This is an uncomfortable situation. When you’re conditioned to constantly feel pain and take it as a part of your existence. Then an outside force comes in and invades that space, bringing to life an alternative you could have never have imagined for yourself. No, you think, those thoughts and feelings and realities are for other people. But not me.
How many times did I observe the happy ones, sitting in my empty corner, sipping a glass of wine? And go home with an ache so potent it left me naked and raw. It’s a violent thing that turns into a dull thing and then I become it. Pain has always been my lover. It doesn’t allow me to move beyond its realm. It’s jealous of a life outside its domain. I was in an abusive relationship with Pain for years. Would go out into the world pretending like everything was manageable. Meanwhile, behind closed doors, Pain beat me up and told me it was for my own good.

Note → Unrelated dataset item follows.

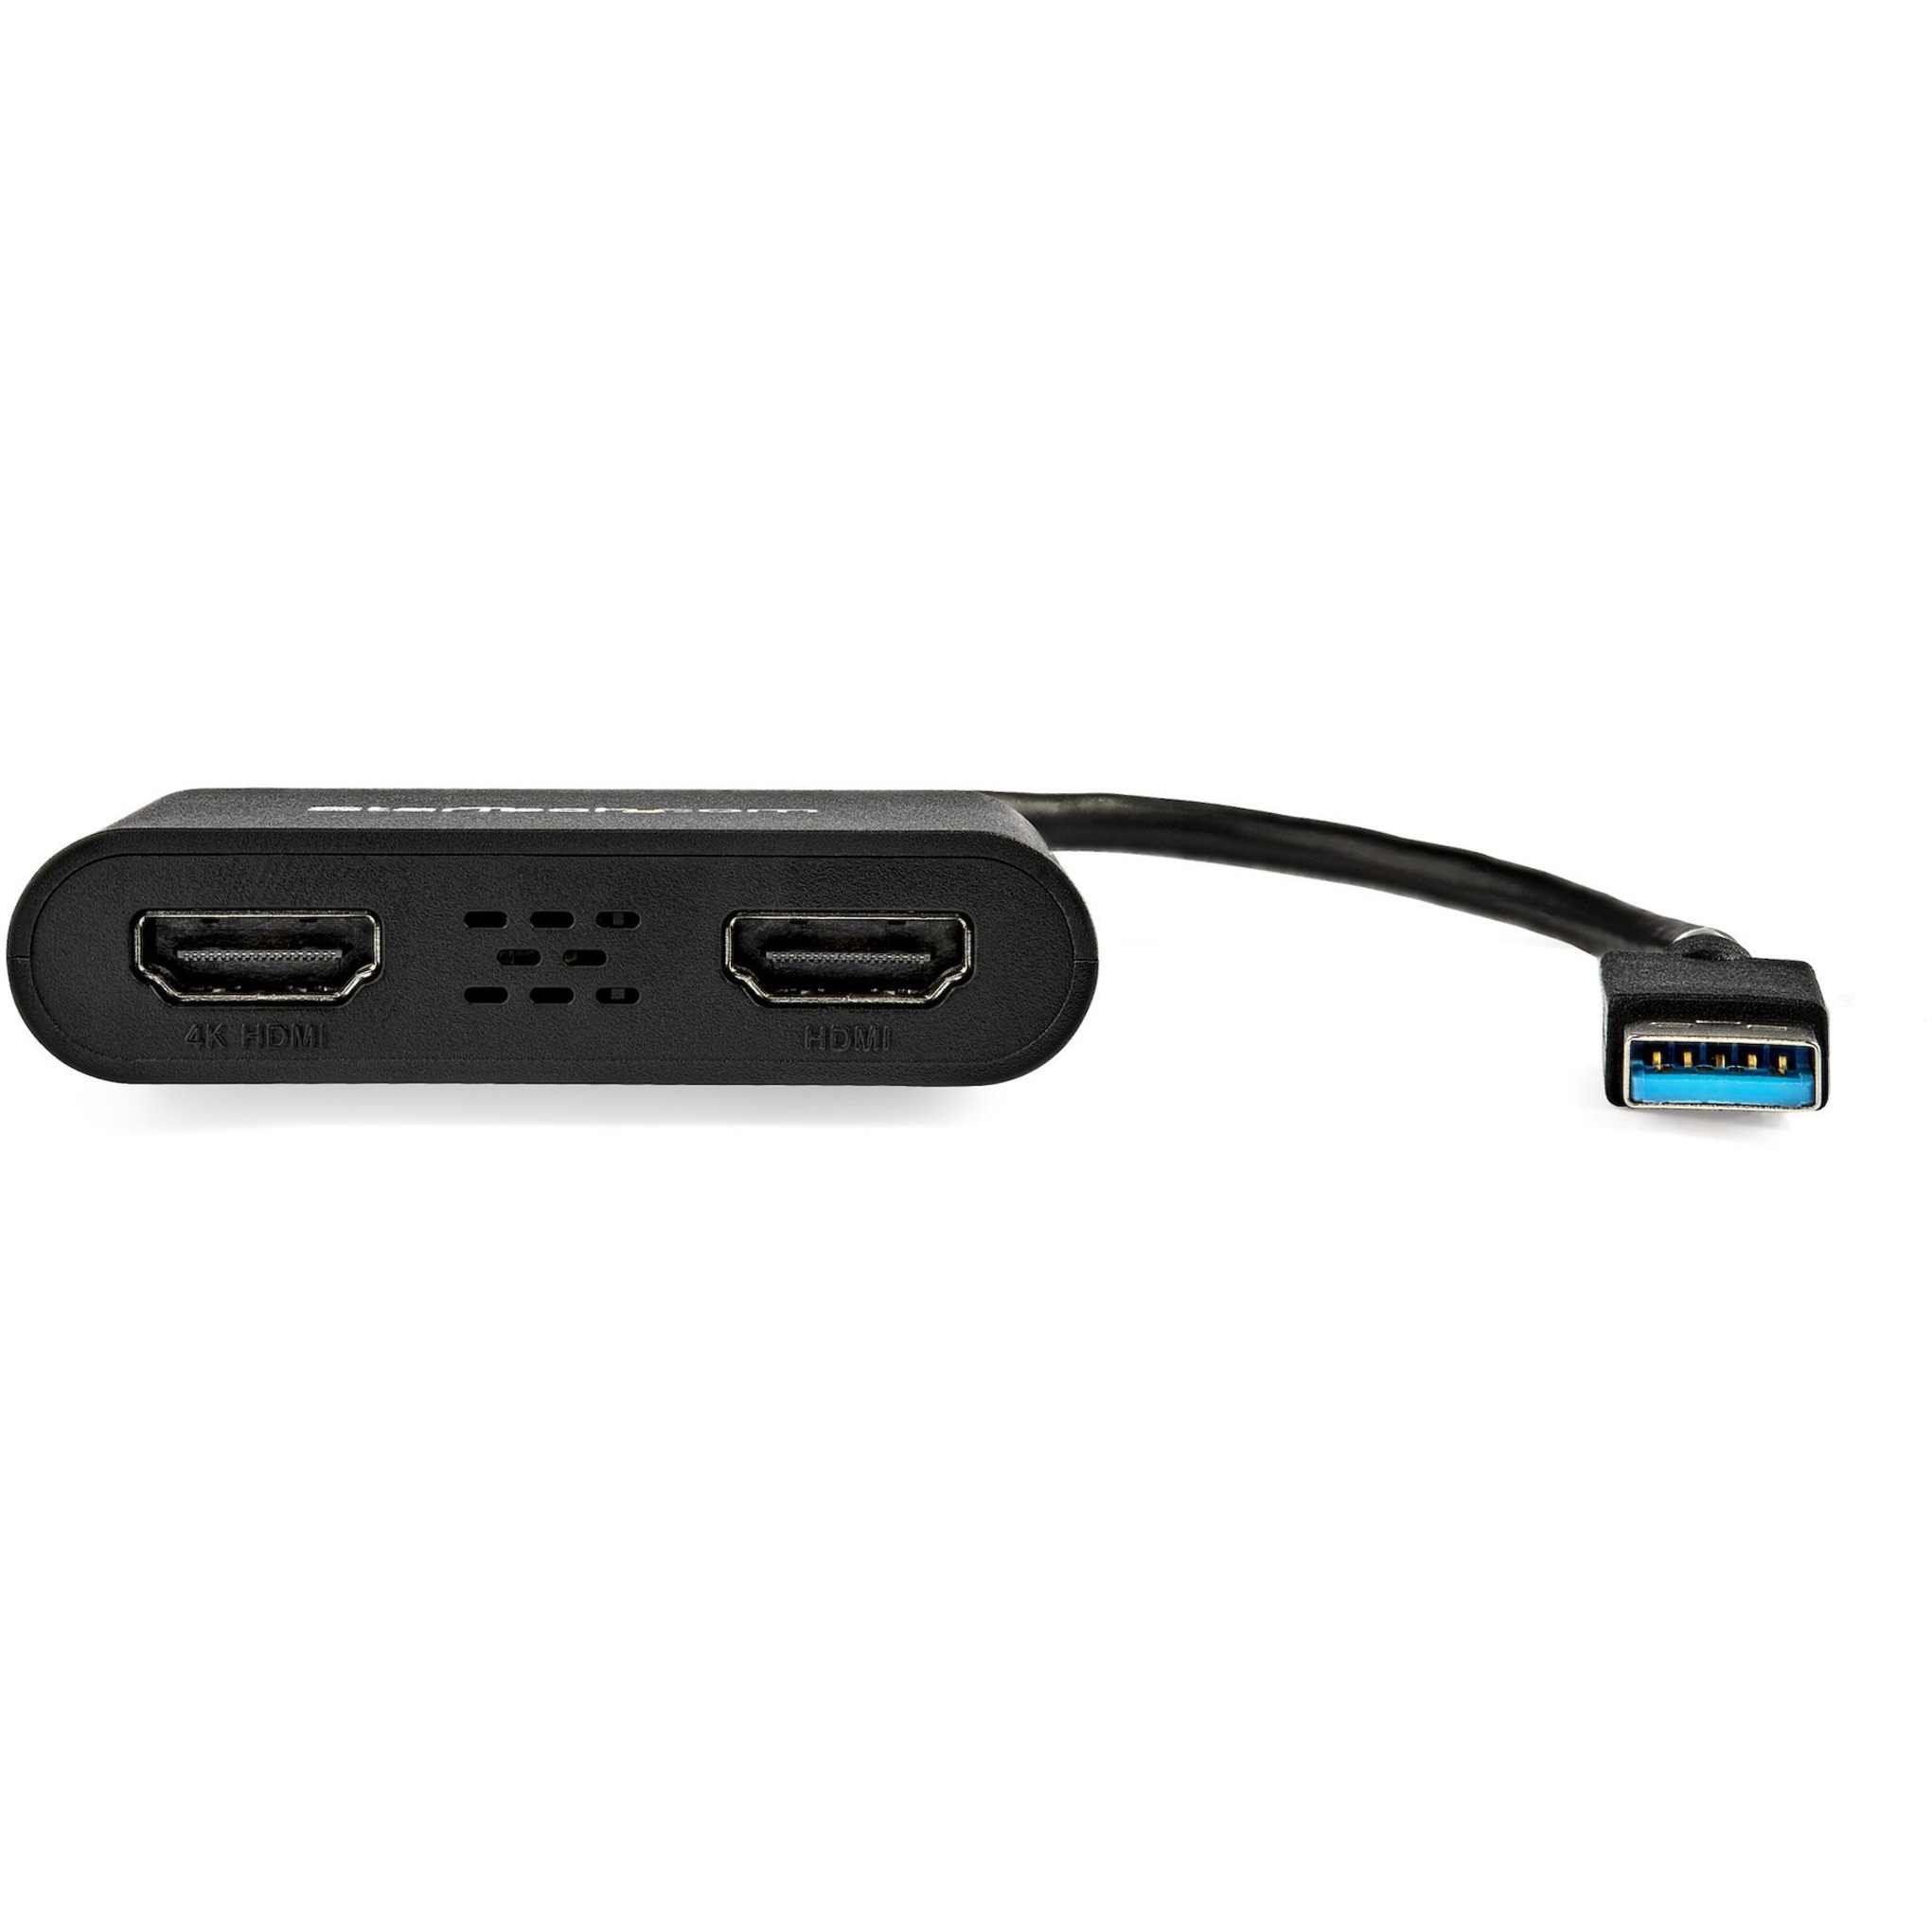 Generic Adaptateur USB C Vers HDMI 4K 30 Hz / USB 3.0 / USB 3.1

It was a Thursday evening when you stood by the pub we agreed to meet at. I didn’t notice you right away. You were just another. And I was too busy inside my head to care. Let’s get this over with. And I can move on. But the plot thickened. An invisible power I couldn’t resist. My face cracked a smile. And then another. And then I heard laughter in my ears. It was my own. My own voice filling the pub with the vibrations of a happy human. I was happy. Fucking hell. I noticed you. And the wall that Pain had put up all these years, that sturdy wall, began its deterioration.
God created the world in six days. Seems like so little time. But these are things I understand now. You and I created our world in six days. There was nothing but darkness before. Albeit a state of readiness. There was an energy contained. Two forces collided. And then became a universe. This universe is expanding, creating new thoughts and floating into the unknown. Who knows how far it will go.
Pain is jealous. Pain wants to sneak in and obliterate it. So Pain brings in Doubt. Pain brings in Insecurity. They seduce me when you are away. And I begin to feel that familiar thing inside me. It’s okay, they say, we’ll take you back. We’ll have a nice orgy and then you’ll be yourself again. But I am not myself anymore. I am half of us.
There is the seventh day. The day of rest. Today. It’s like the turning point, isn’t it? The interruption of what we created, the end of it, or perhaps we keep expanding. Either way, I am weak. I submit to Pain and its gang of deformed emotions. Or I submit to you, a riskier choice.